There was no welfare state upon which my mother could shift the
burden, so I need not dwell upon the sacrifices which she had to make.
Sparing herself nothing in all the years of struggle which followed, I
never once heard her complain of her lot, and I welcome this
opportunity of recording the fact as a humble tribute to her devotion.
She belonged to a generation, now almost passed away, which bore the
unkind cuts of adversity with. a spirit and pride which ought to put
to shame the type, all too frequently met with today, which abuses an
over-beneficent state.
During World War I, and being set by fate in a military environment,
I was of such tender years that, seeing so much coming and going of
soldiers and all the paraphernalia of military affairs, I regarded a
state of war almost as I now regard life itself; in fact, the war had
been over for quite a long time before I realised that playing "Germans
and English" with my friends was out of date.
Even my schoolmasters wore uniform; all my school books, including
the Bible, were stamped with the official Crown, and I was
occasionally punished with a "cane, boys, junior, for the
correction of, Mark I." (Incidentally, the girls were also caned,
and everyone concerned took it all for granted.) It would have been
natural, I suppose, if I had followed many of my companions into the
army on leaving. school, and this proposition was carefully
considered, but was finally abandoned in favour of a slightly more
lucrative but far less adventurous career.
As a result of my early baptism into army life, I may perhaps be
forgiven for a tint of what is sometimes referred to as "jingoism";
but I have always felt that provided this attitude springs from a
genuine love of liberty and respect for law and order, it is not to be
too harshly condemned.
I first made the acquaintance of Henry George as recently as 1959,
and it will be to my everlasting regret that I never did so before.
Since reading
Progress and Poverty, and taking in the School's activities, I
have seen how, time after time in the past, my mind in more or less
confused and hurried thinking, has touched upon the truths which that
great book expounds, but which I had never taken sufficient trouble to
pursue.
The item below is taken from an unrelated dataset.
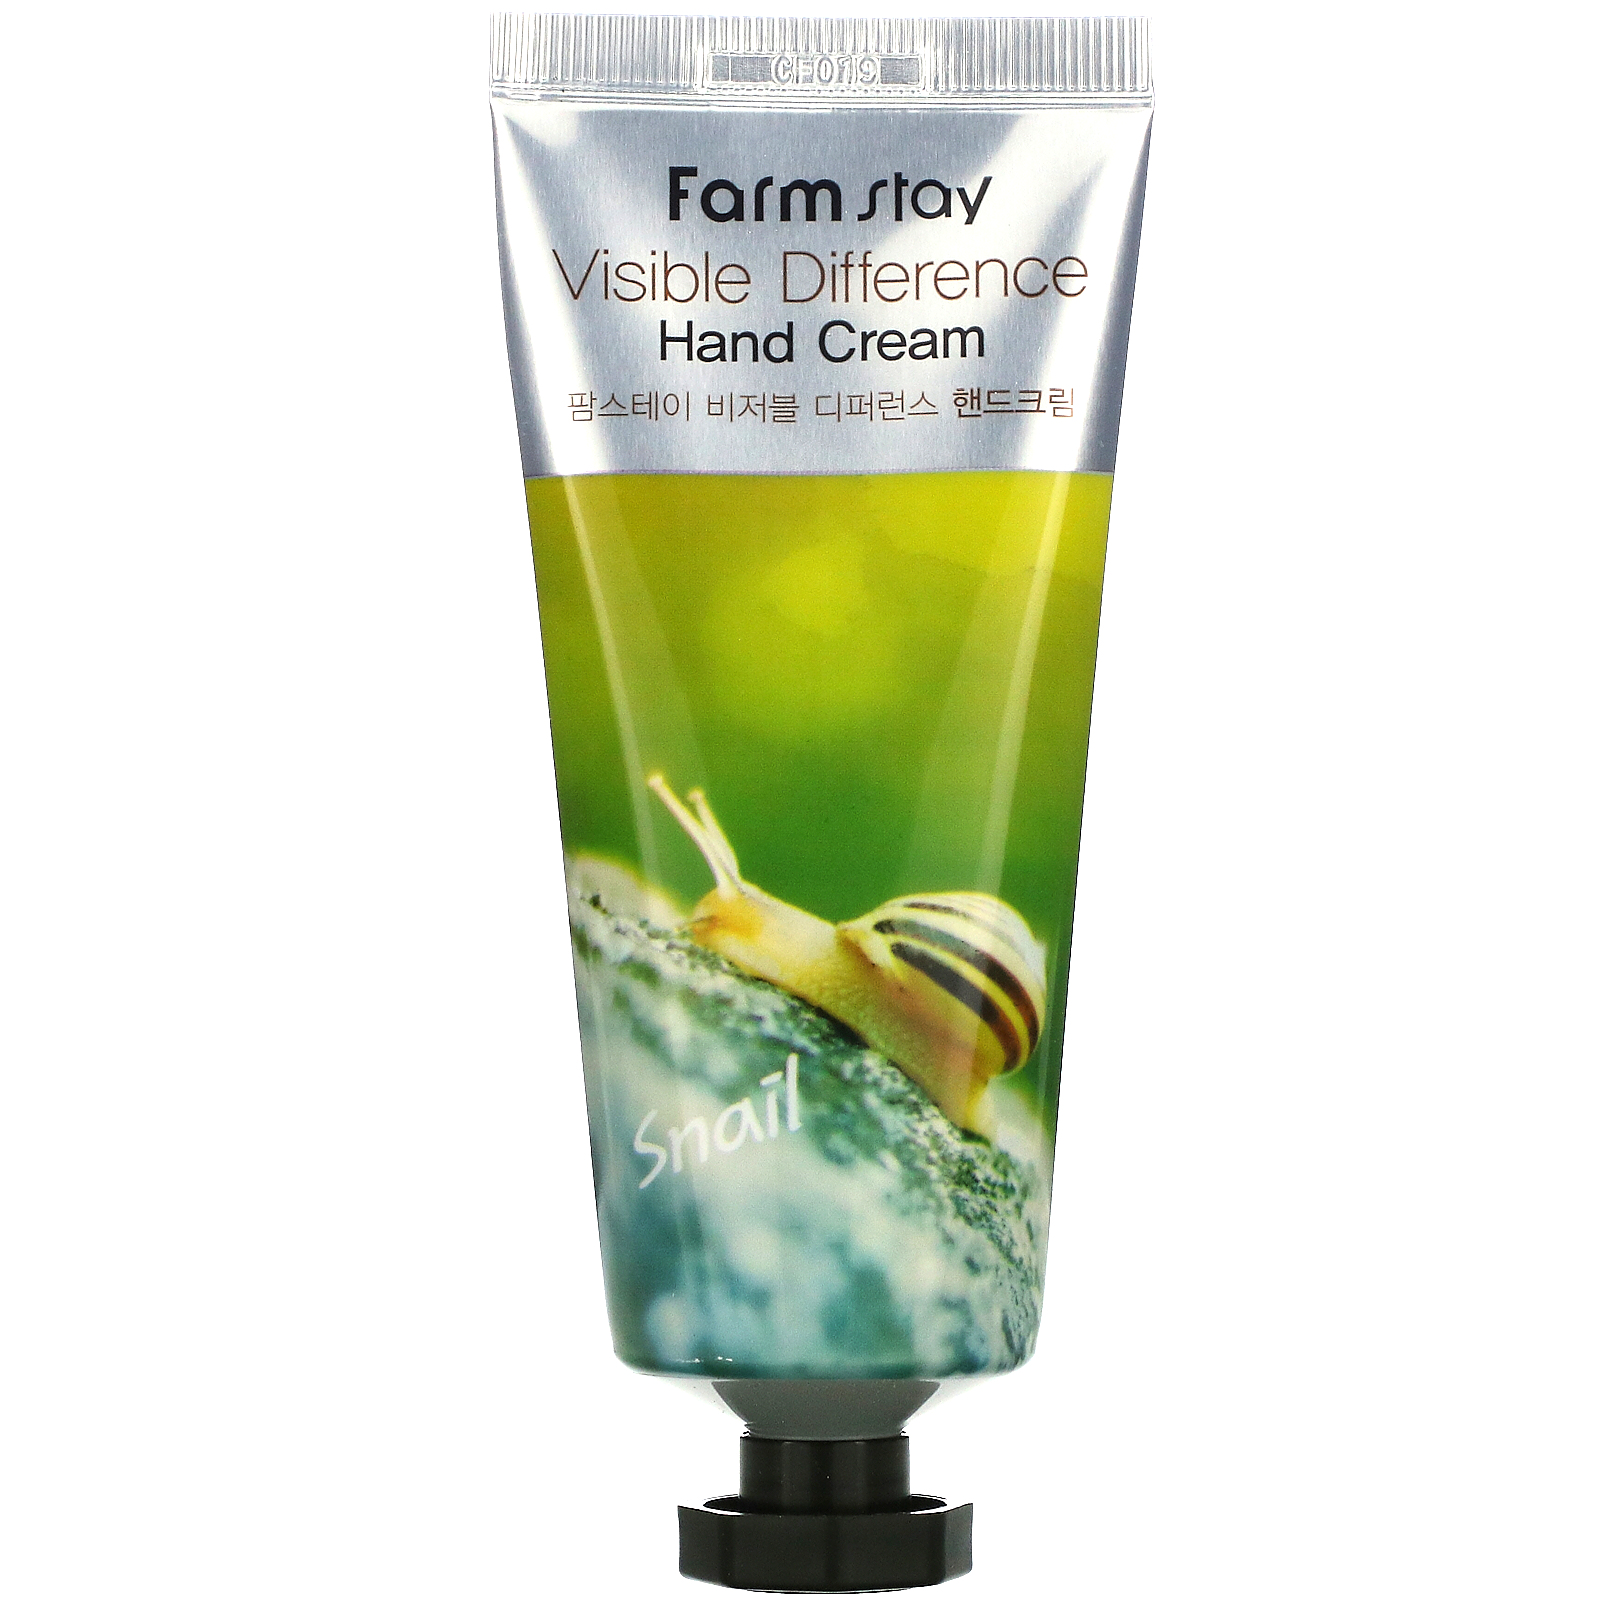 Farmstay, Visible Difference Hand Cream, Snail, 100 g

I recall, for instance, when a very small boy spending a day
by the sea with my mother, being told that we were sitting next to a
private beach. This was explained to me, and I then wanted to know who
owned the sea. My mother replied that God owned the sea, but that we
were allowed to bathe in it, fish in it, and sail our ships on it. I
then wanted to know if He owned the land as well, but I cannot
remember my mother's answer. Perhaps she found the question too
difficult and changed the subject, and who can blame her? Many other
people, much more important people, highly educated and responsible
people whose trust is the liberty and welfare of nations, have
likewise declined, but for other reasons, to commit themselves on that
question. Is it not written that "out of the mouths of babes
shall come forth wisdom"? Equally truly I submit that from the
same source issues the occasional "snorter."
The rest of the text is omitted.